Summers no longer belong to me.
They once were the smell of chlorine and citronella (if your neighbor was kind enough to share the bottle of OFF! her mother left on the table).
They were half-hearted games of Marco Polo that turned into conversations about life, gossip about the friends who weren’t in the pool and the mysterious neighbors you’d make up stories about— they’re secret murderers! Vampires! It gave you all goosebumps until it turned into a joke-telling match and dissolved into laughter.
Summer was wet, damaged chlorine-soaked hair because you didn’t need to worry about your lipstick smudging or how funny your hair might look when it dried. A swimsuit you bought because it fit and it was your favorite color, not because you agonized over it in a mirror.
It was climbing up the shaky ladder, racing to the pile of towels. Shivering around the thick, slightly dirty, textured glass table with the umbrella hole in the center (you know the one). It was pruned fingers and huddling under towels, talking about nothing.
Maybe someone will bring out a deck of cards and you’ll play Bullshit or War.
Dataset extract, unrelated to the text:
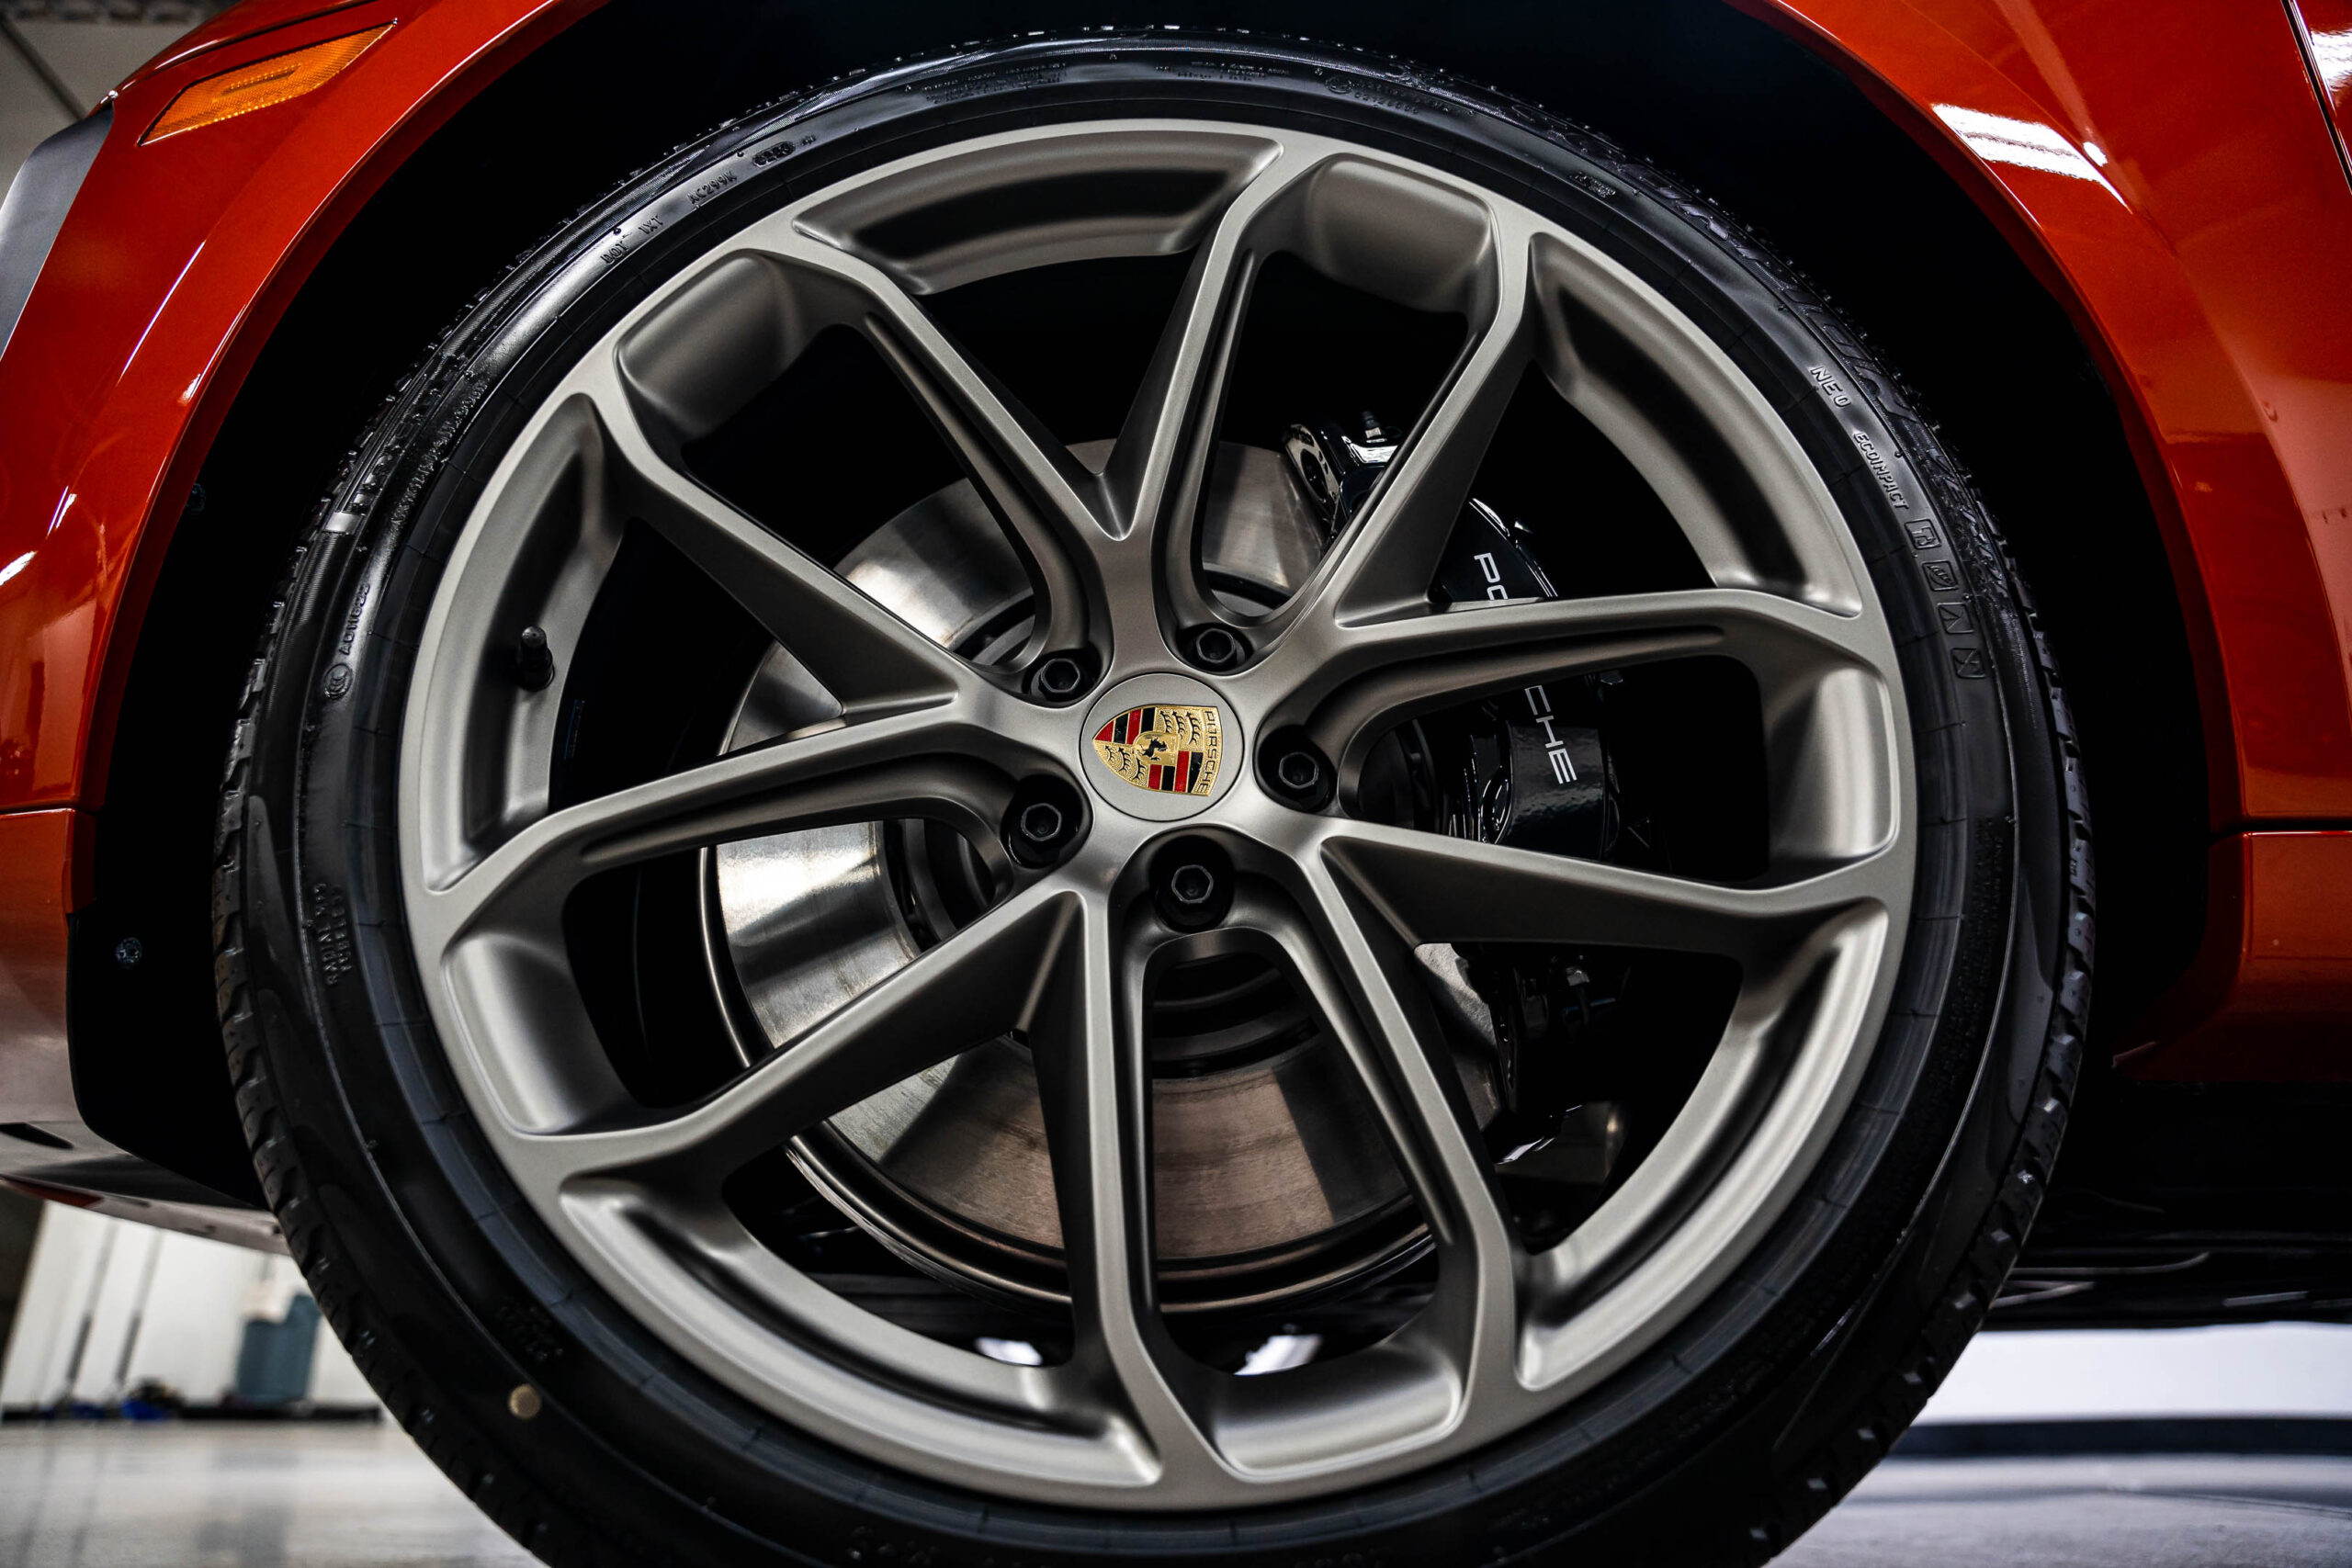 Porsche wheels protected from road grime thanks to GYEON ceramic coatings

Maybe the owner of the house will drag out a family-sized bag of Lays from their kitchen while their parents are inside watching television.
It gets late and the world is only streetlights, perhaps a few stars if pollution will allow it and the glow of your porch light.
And after one person’s parents call for their son, another calls out for their daughter. Flip flops slap toward wherever home might be. Your damp towel is hung on the banister.
Your hair is still wet and crunchy from the chlorine. It doesn’t matter.
You peel off your damp swimsuit and toss it in the bathtub. You half-heartedly splash water on your face, briefly examine the pimples on your chin and swollen mosquito bites on your arms. It doesn’t matter.
The world felt so small but so important, everything did.
It’s impossible to realize how rare, how special that is until years later when it’s gone.
Seasons change, but summer is no longer distinguished. Summer is in the same inhale and exhale as autumn, winter, and spring. It’s an extra few hours of daylight to be enjoyed through the window of a bus. It’s wearing sleeves that are a few inches shorter.
The smell of chlorine brings me back to nights where night swimming was the biggest to-do and mosquitos were the biggest concern.
I can’t remember the last time I raced toward the ice cream truck with crumpled dollar bills in my sweaty hand. I can’t remember the last time I crouched behind a tire, hoping to win a game of kick the can.
There’s nothing to run toward anymore. It’s a slow, steady walk to nowhere and sometimes you think you ought to move faster, faster, faster.
But you remember how that got you where you are in the first place. So, you keep walking. Destination? Unknown.
The seasons have blended together— temperature changes and not much else.
The seasons all taste the same. Summer has lost its bitterness and sweetness.
I no longer go underwater in pools for fear my makeup will run and my hair will dry funny.